May 7, 2009
Reading time
2 minutes
Download the article
Click here to print
Text size
aA+ aA-

Bonton shares jump 52 pct as liquidity concerns ease

May 7, 2009

By Poojya Trivedi

BANGALORE, May 7 (Reuters) - Shares of apparel and home-furnishings retailer Bon-Ton Stores Inc (BONT.O) jumped 52 percent on Thursday as fears of the company's liquidity eased.

Bon-Ton Spring 2009

"The company is in a clean inventory position, and per management's comments on the press release, liquidity concerns are no longer front and centre," Wall Street Strategies Inc (wstreet.com) analyst Brian Sozzi said in an e-mail response.

The company ended April with excess borrowing capacity under a revolving credit facility of $165 million, above the required minimum availability of $75 million, Keith Plowman, chief financial officer said in a statement.

In its regulatory filing dated April 15, Bon-Ton had raised concerns about its liquidity and said the tightening of credit markets can make it more difficult to access funds.

The stock may have also benefited from better-than-expected April sales.

The company reported a decline of 5 percent in April same-store sales, which were narrower than its expectations of a fall in the range of 6.5 percent to 7.5 percent.
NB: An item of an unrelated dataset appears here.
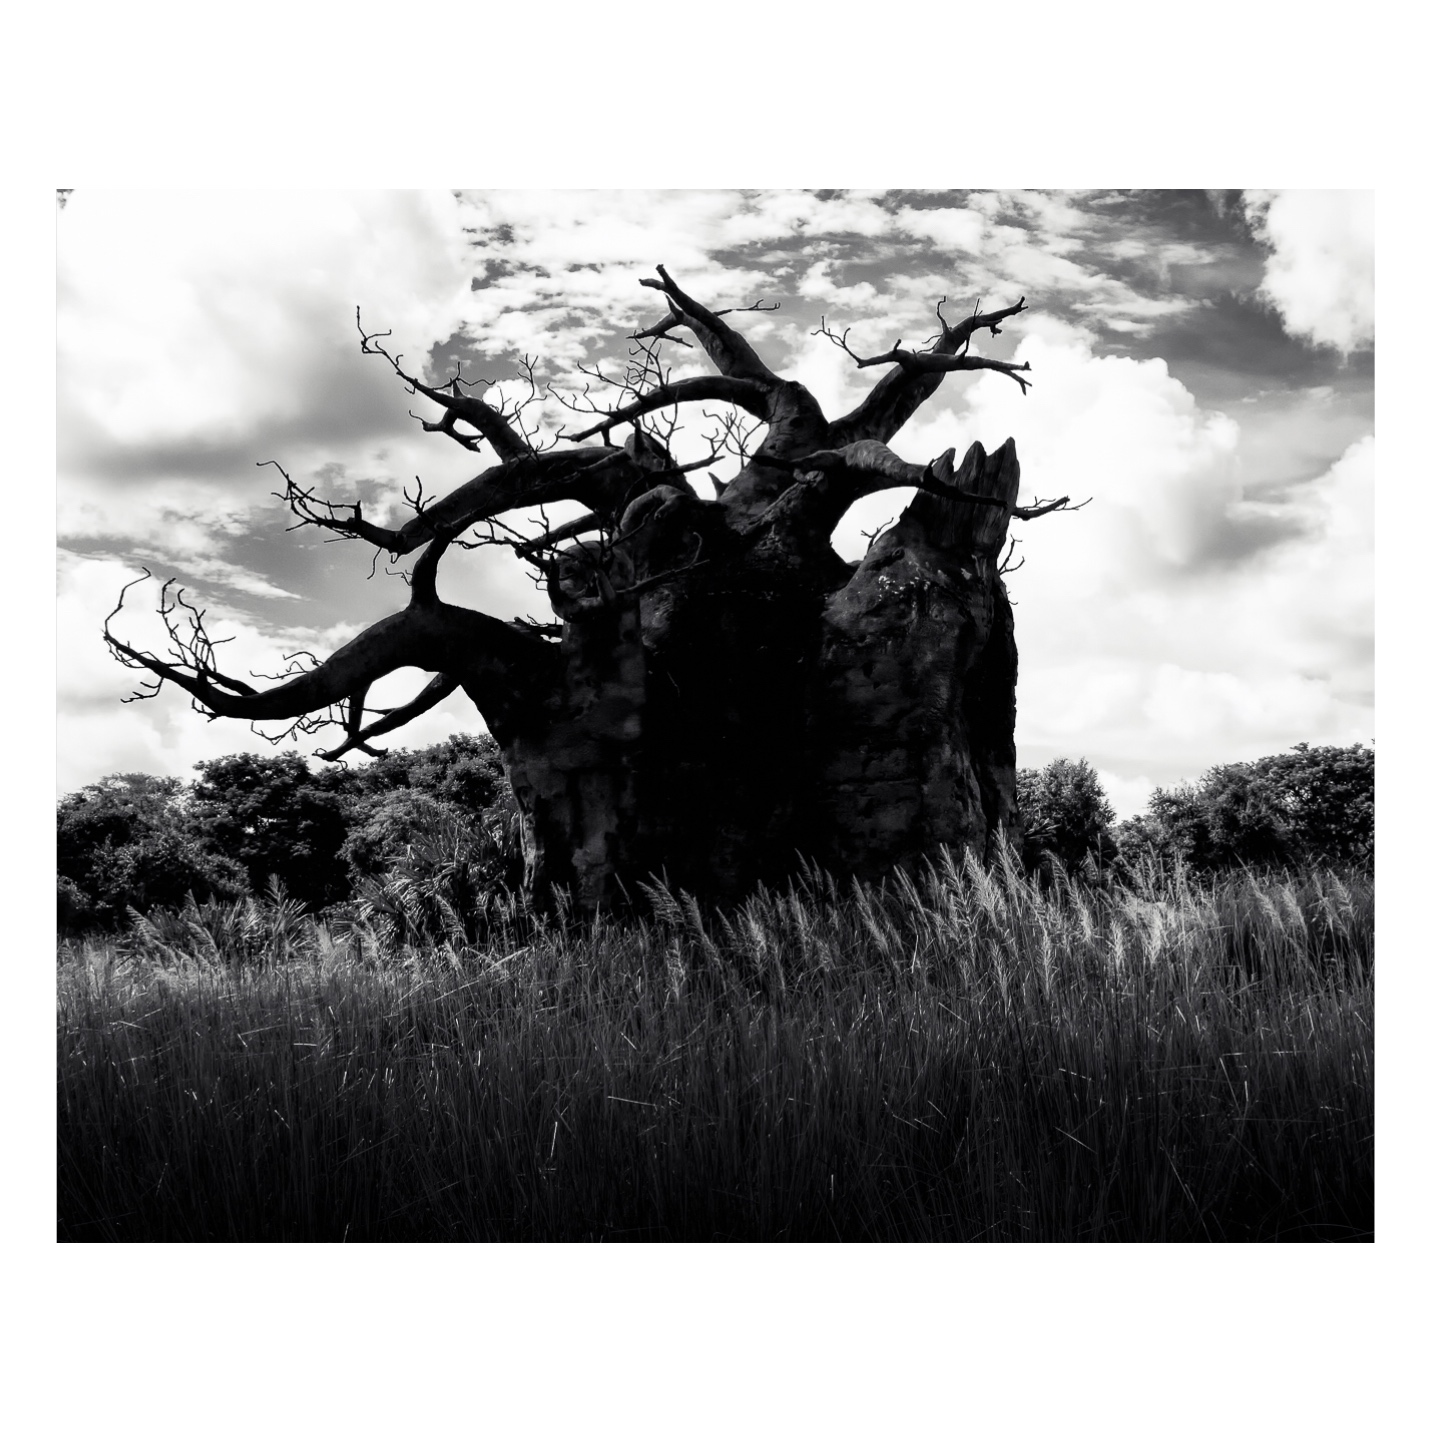 Safari Tree-0001-Brian Suman Photography.jpg
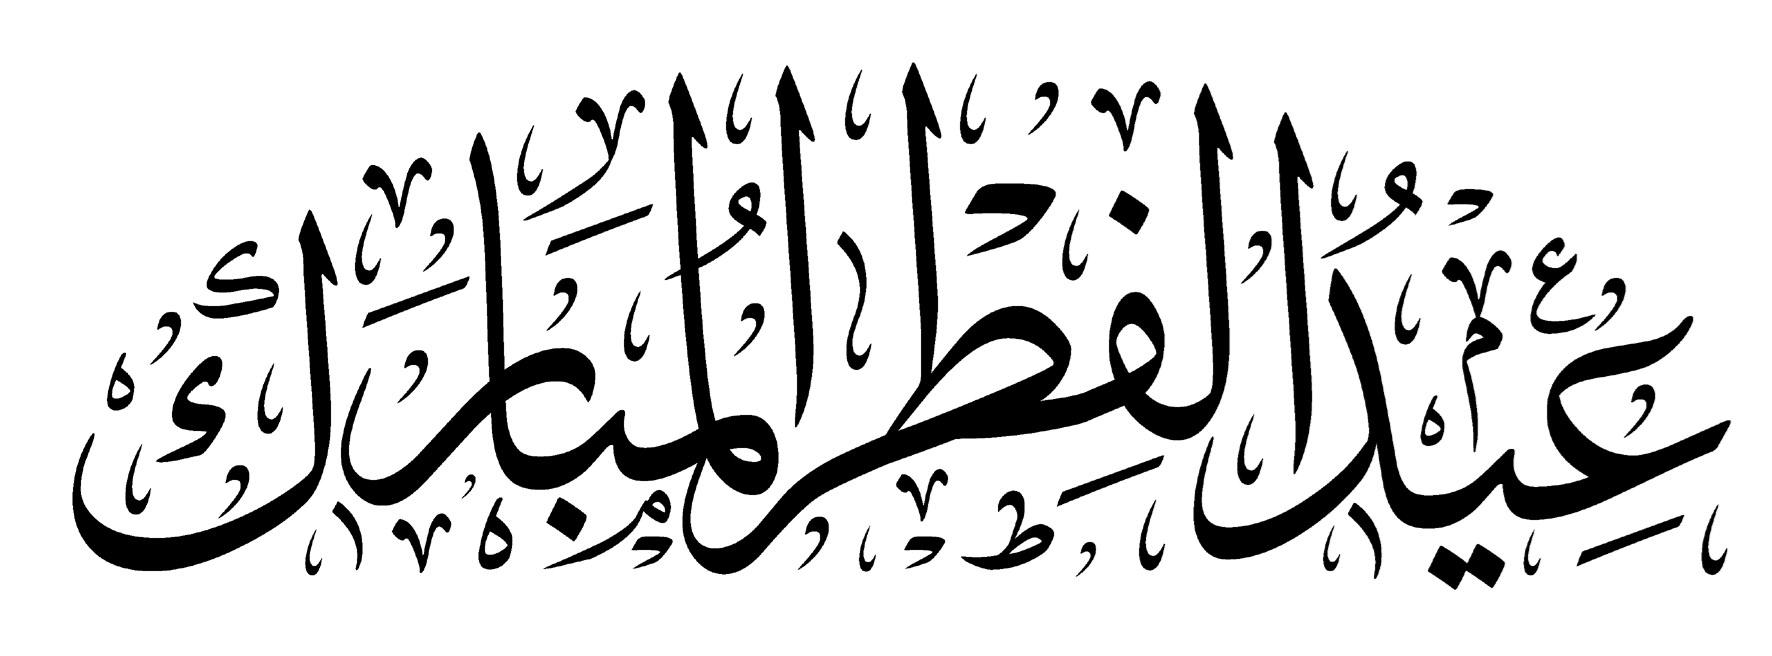 Eid Ul Fitr - Eid Ul Fitr.png

"What I believe we are seeing with Bon-Ton today is short-covering given an April sales performance that was stronger than what many were expecting in key merchandise departments," Sozzi said.

Bon-Ton, which operates the Elder-Beerman, Boston Store and Carson Pirie Scott chains besides its namesake chain, on Thursday reported a decline of 11 percent and 16 percent in comparable store and clearance inventories, respectively.

The company also expects to receive $30 million tax refund in the second quarter of fiscal 2009.

Shares of the York, Pennsylvania-based company touched a high of $5.11, before paring some of the gains to trade up 15.82 percent at $3.87 on Nasdaq.